The processor 140 may generate at least one phase mask on the active mask panel 120. The processor 140 may generate a plurality of phase masks including different coded aperture patterns on the active mask panel 120. In an embodiment of the present disclosure, the processor 140 may generate a first phase mask in a partial area of the entire region of the active mask panel 120, and generate a second phase mask in another area of the entire region of the active mask panel 120 where the first phase mask is not formed. The first phase mask may include a pattern having a plurality of apertures for obtaining a coded image having a first PSF corresponding to a first depth value, and the second phase mask may include a pattern having a plurality of apertures for obtaining a coded image having a second PSF corresponding to a second depth value. A ‘coded aperture pattern corresponding to a PSF’ means a coded aperture pattern optimized to obtain a highly reliable coded image by maximizing a focus distortion caused by the PSF at a specific depth value. A specific embodiment in which the processor 140 generates a plurality of phase masks on the active mask panel 120 is described in detail with reference to
In an embodiment of the present disclosure, the processor 140 may set a region of interest (ROI) among objects to be imaged, obtain a depth value of an object included in the ROI, and generate a phase mask having a coded aperture pattern for obtaining a coded image having a PSF corresponding to the obtained depth value of the object. In an embodiment of the present disclosure, the electronic device 100 may include a user input unit receiving a user input, and the processor 140 may set an ROI based on a user input received via the user input unit. In another embodiment of the present disclosure, the electronic device 100 is implemented as an augmented reality device, and the augmented reality device may include an eye-tracking sensor that detects a gaze point at which the gaze directions of the two eyes of the user converge by tracking gaze directions of two eyes of the user. In this case, the processor 140 may detect a gaze point by using the user's eye-tracking data obtained using the eye-tracking sensor and set an ROI based on a position of the gaze point. The processor 140 may obtain a depth value of an object included in the ROI and generate a phase mask having a coded aperture pattern for obtaining a coded image having a PSF corresponding to the depth value of the object.

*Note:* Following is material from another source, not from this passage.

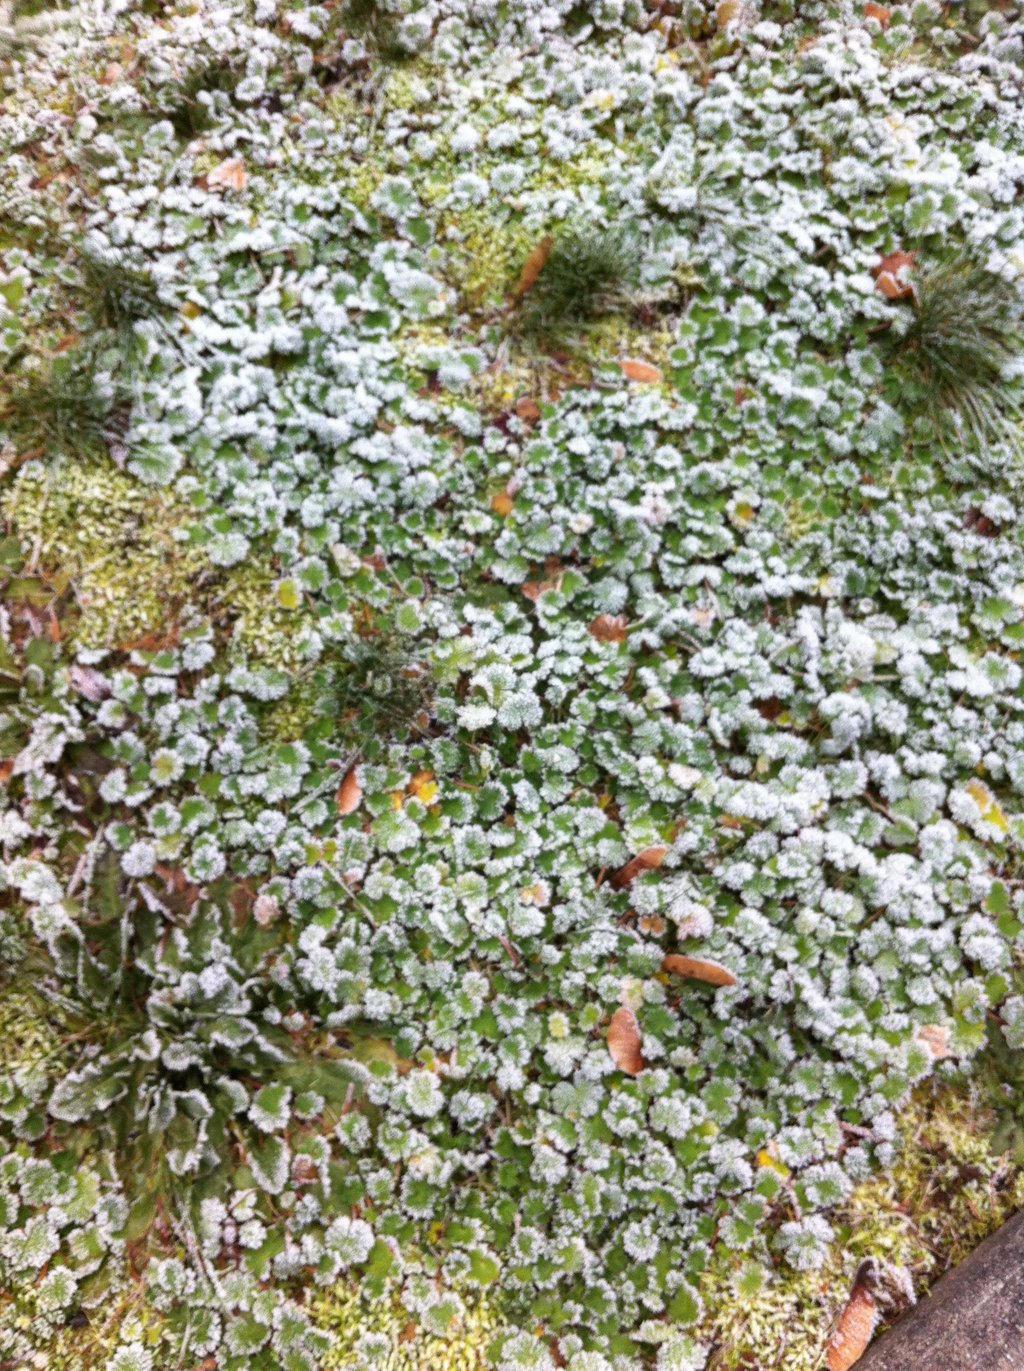 Frosty Leaves 2 by SnowWolfx13

In an embodiment of the present disclosure, the electronic device 100 may further include a low resolution LiDAR sensor for obtaining a depth value of an object. A specific embodiment in which the processor 140 sets an ROI and generates a phase mask for obtaining a coded image having a PSF corresponding to a depth value of an object included in the ROI is described in detail with reference to
In an embodiment of the present disclosure, the processor 140 may generate a coded aperture pattern in an area corresponding to the ROI in the entire region of the active mask panel 120.

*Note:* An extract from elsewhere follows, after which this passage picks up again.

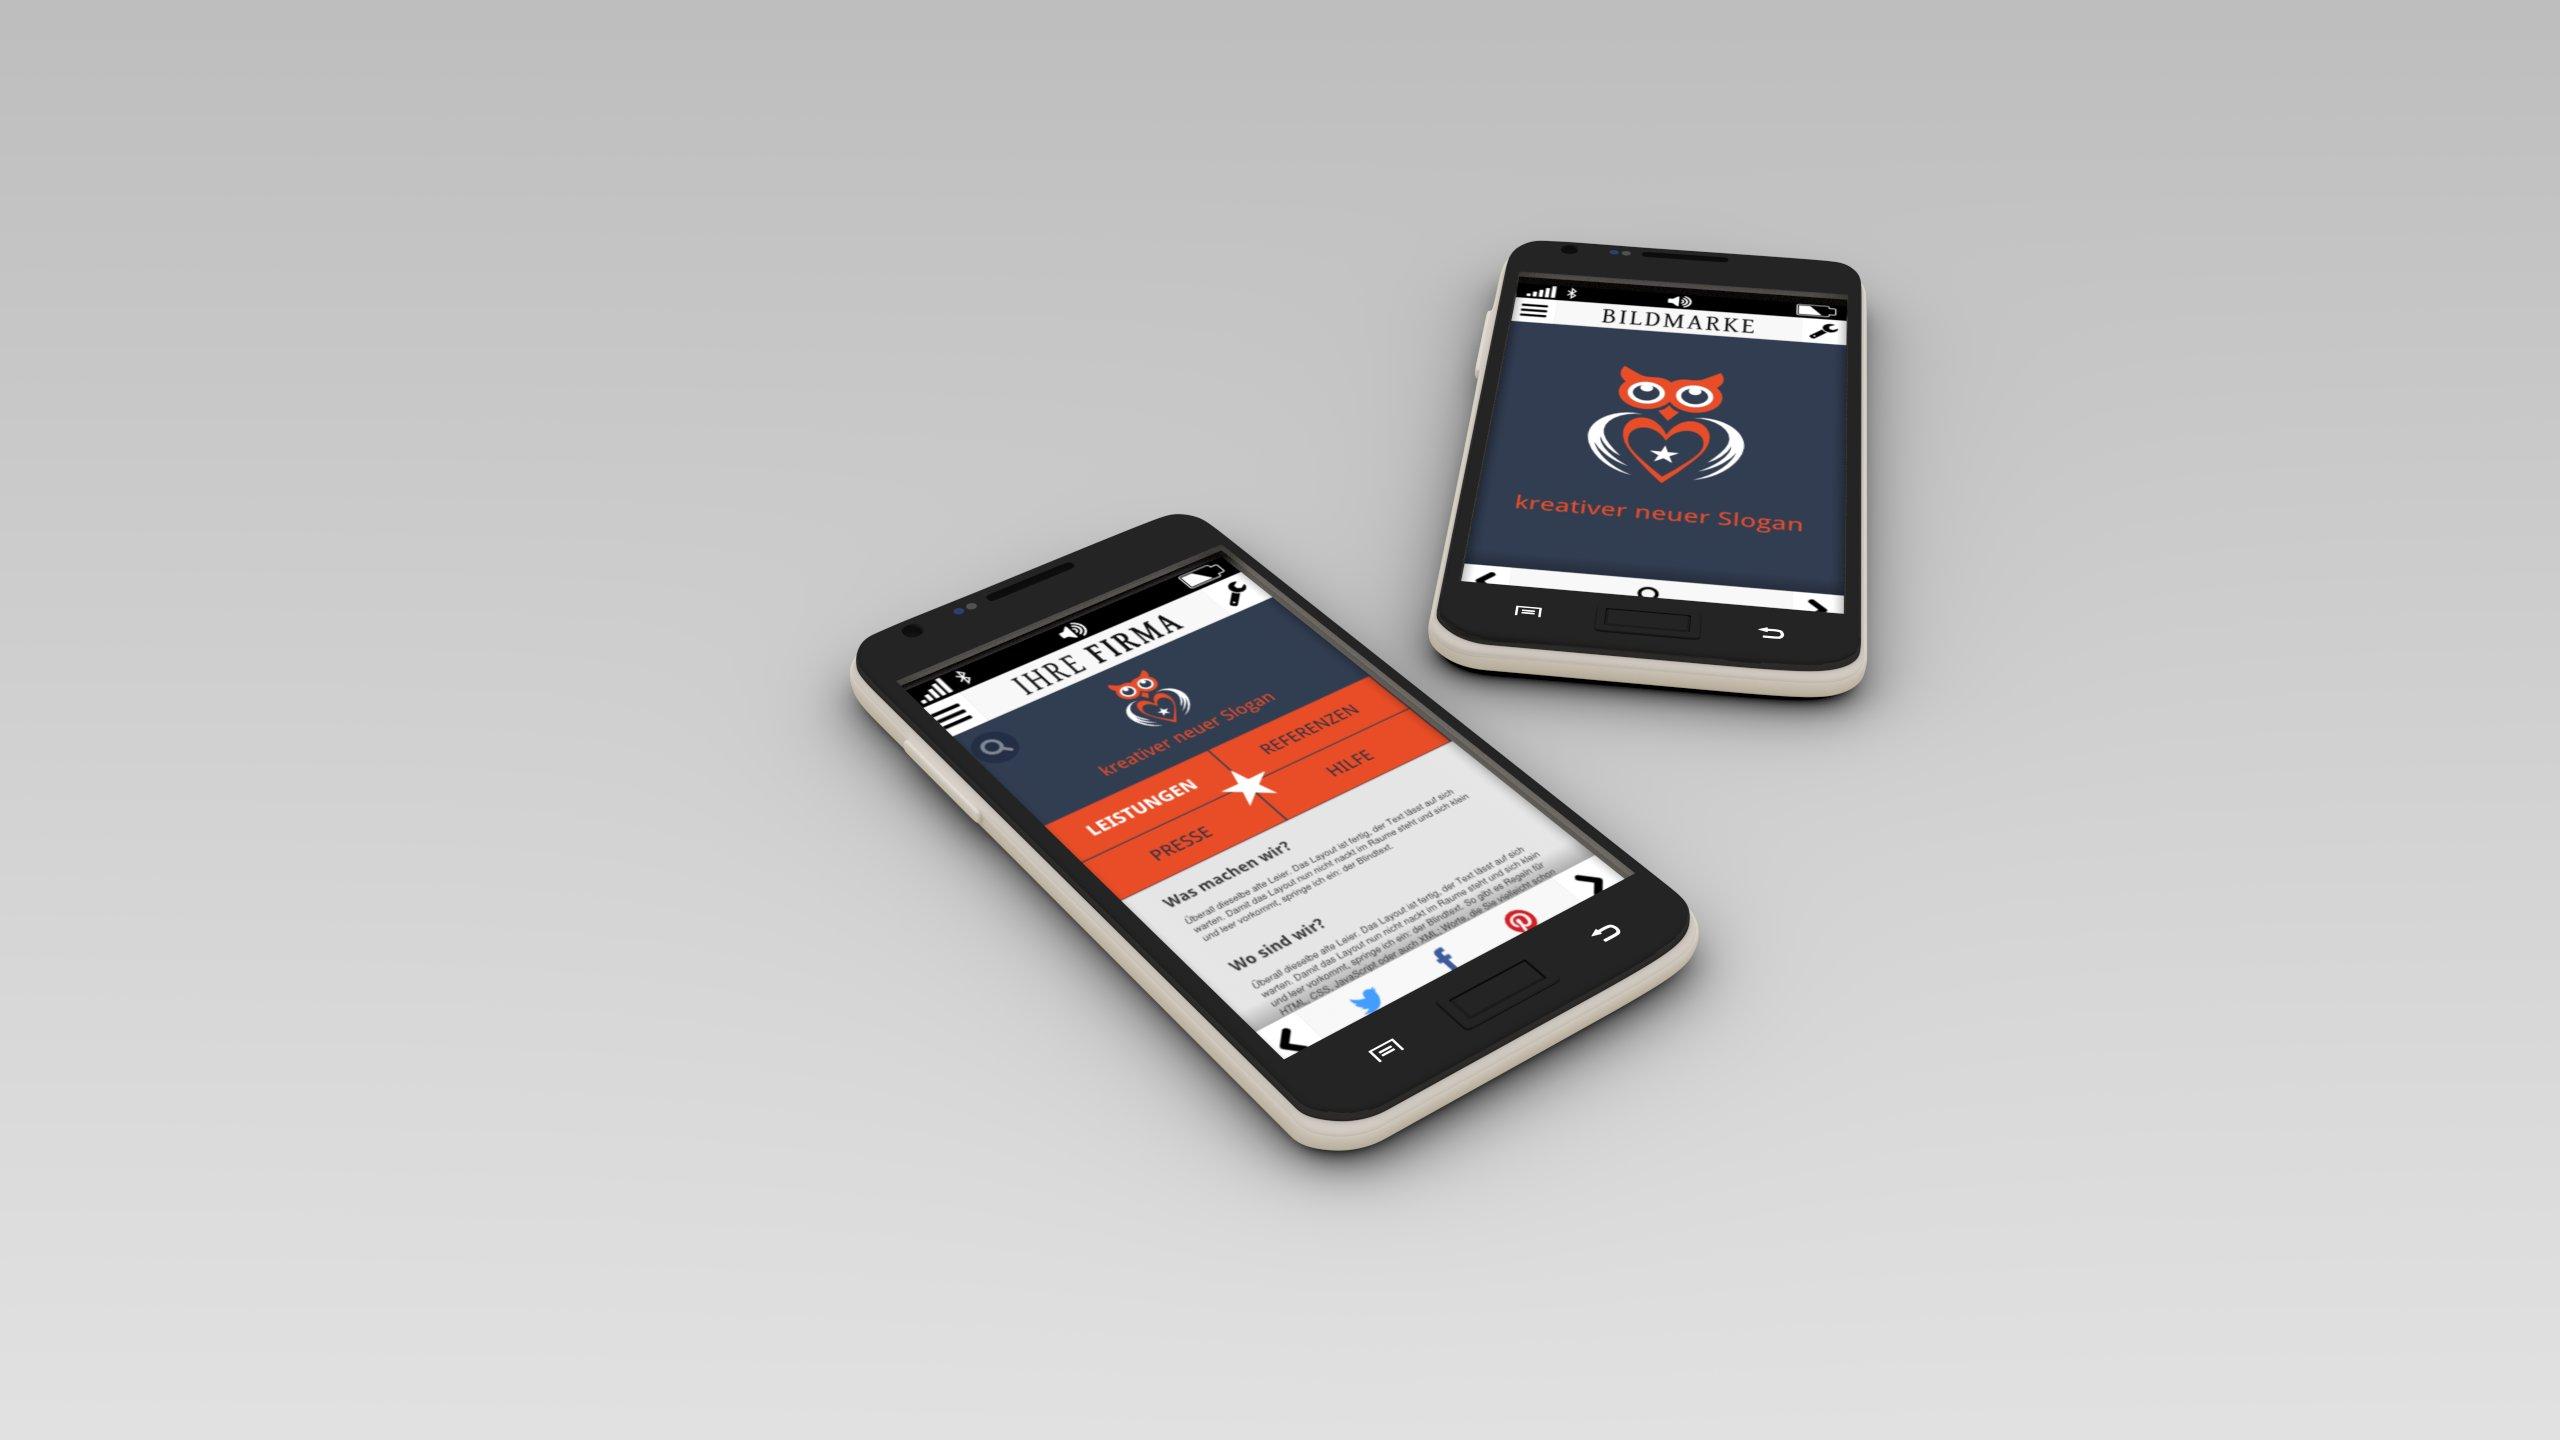 3D-Grafik Blender - Smartphone

The coded image obtaining module 154 is composed of instructions or program code related to an operation and/or a function of obtaining a coded image by receiving, via the image sensor 130, light transmitted through the active mask panel 120. The processor 140 may execute the instructions or program code related to the coded image obtaining module 154 to obtain a coded image. Light related to the object reaches the phase mask of the active mask panel 120 through the lens assembly 110 and is phase-modulated by changing a refractive index via the phase mask, and the phase-modulated light is received by a specific pixel on the image sensor 130. By using the image sensor 130, the processor 140 may receive light transmitted through the phase mask of the active mask panel 120 and convert information about luminance or intensity of the received light into an electrical signal, thereby obtaining a coded image.
In the present disclosure, a ‘coded image’ is an image obtained using light whose phase is modulated according to a depth value of an object, and may be an out-of-focus image with distorted focus. In an embodiment of the present disclosure, the coded image may be a convolution image with focus distortion caused by a PSF.

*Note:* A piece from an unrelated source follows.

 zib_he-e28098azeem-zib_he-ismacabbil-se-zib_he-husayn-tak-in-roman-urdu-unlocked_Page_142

The AI model 156 may be a model trained to extract a depth map from the convolution image. In an embodiment of the present disclosure, the AI model 156 may be a DNN model trained, via a supervised learning technique, by applying a plurality of previously obtained convolution images as input data and applying a plurality of depth maps respectively corresponding to the plurality of convolution images as output ground truth. ‘Training’ may refer to training a neural network to discover or learn on its own a method of analyzing pieces of input data to the neural network, a method of classifying the pieces of input data, and/or a method of extracting features necessary for generating resultant data from the pieces of input data. In detail, through the training process, the DNN model may optimize weight values inside the neural network by being trained using training data (e.g., the plurality of convolution images and the plurality of depth maps). The DNN model outputs a desired result by processing input data via the neural network having the optimized weight values. A specific embodiment related to training an AI model is described in detail with reference to
In an embodiment of the present disclosure, the AI model 156 may be a U-Net. However, the AI model 156 is not limited thereto, and in another embodiment, the AI model 156 may be implemented as one of a convolutional neural network (CNN), a recurrent neural network (RNN), a restricted Boltzmann machine (RBM), a deep belief network (DBN), a bidirectional recurrent DNN (BRDNN), and a deep Q-network (DQN). Furthermore, the AI model may be subdivided. Furthermore, a CNN may be subdivided into a deep CNN (DCNN), a capsule neural network (Capsnet) (not shown), or the like.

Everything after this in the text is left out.